The storage and distribution of hydrogen can be effected in different ways. For example, hydrogen can be stored in compressed form in suitable high-pressure tanks which allow storage at up to a pressure of 875 bar. Further, storage of the liquefied low-temperature hydrogen in suitable cryogenic containers, preferably in superinsulated cryogenic containers is known. The last named possibility is implemented in particular with hydrogen-powered vehicles-independently of whether they are powered by means of a modified combustion engine or by means of a fuel cell which drives an electric motor.
Storage systems are in the experimental stage in which the storage of the hydrogen takes place in organic compounds capable of hydrogenation which are able to chemically bind the hydrogen. Such storage systems are known under the designations MPH (methylcyclohexane poluene hydrogen), decaline/napthalene and n-heptane/toluene system.
Common to the aforementioned systems is that the hydrogen is brought to reaction with them under suitable conditions so that hydrogenation and storage of the hydrogen results. All the aforementioned alternatives have specific advantages and disadvantages so that the decision in favor of one of the alternatives is usually determined by the specific applications and circumstances. The fundamental disadvantage of the last-named alternative until now has been that the chemical reaction systems used have relatively high vapor pressures, are thus volatile and contaminate the hydrogen to a considerable degree.

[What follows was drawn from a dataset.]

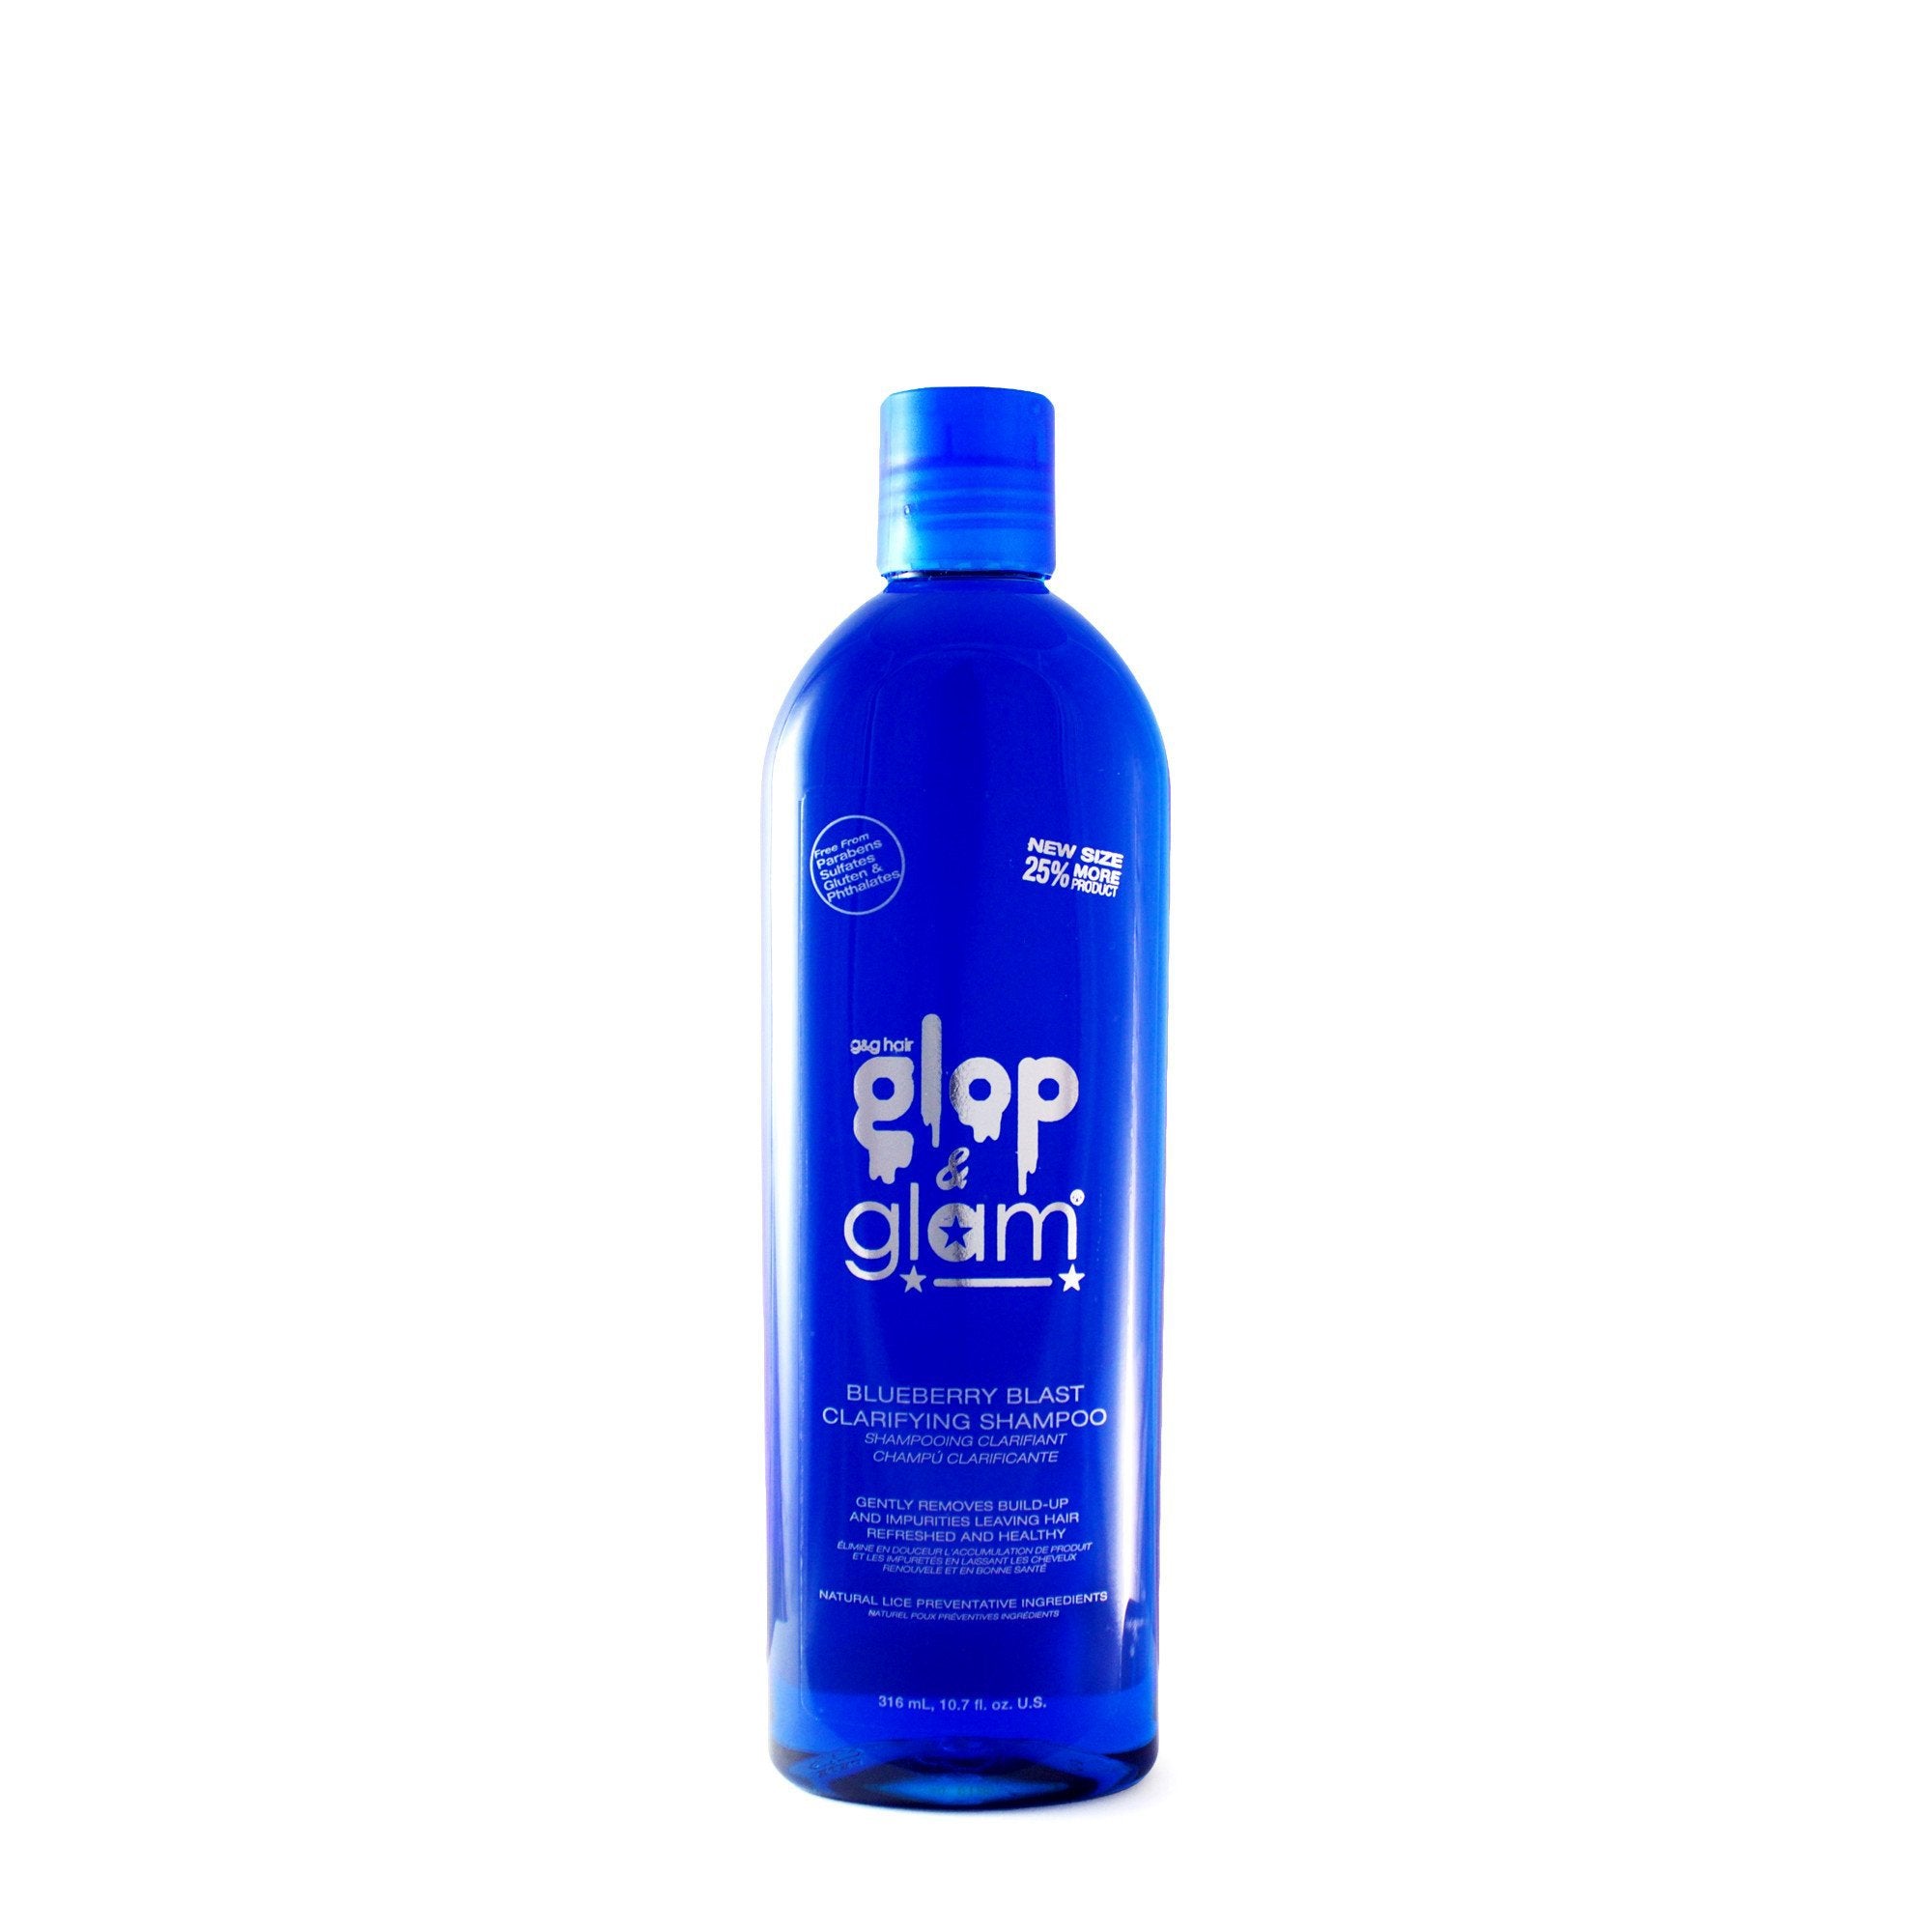 Blueberry Blast Clarifying Shampoo Clarifying Sulfate Free

To achieve high degrees of purity for the hydrogen in particular, such reaction systems must, therefore, be removed, often at great expense in terms of technology and/or energy.
The person skilled in the art is continuously striving to create a storage potential for hydrogen which allows storage of the hydrogen in a pure or absolutely pure form, where storage should be possible in the safest and most economical manner possible. Hydrogen is needed in a very pure form particularly in the operation of fuel cells. In the case of the modified combustion engines mentioned as well, which usually have a downstream catalytic converter, storage of the hydrogen in (ultra)pure form is striven for since otherwise the hydrocarbons entrained with the hydrogen (may) have a negative effect on the activity and life of the catalytic converter. Particularly in the use of hydrogen in the so-called mobile applications—operation of vehicles, etc.—the safety aspect is paramount; this applies especially for the refueling process which is usually performed by the driver himself and therefore by a “technical layman.” Thus, there may be a need for an alternative method of storing hydrogen, which method may be efficient and/or secure.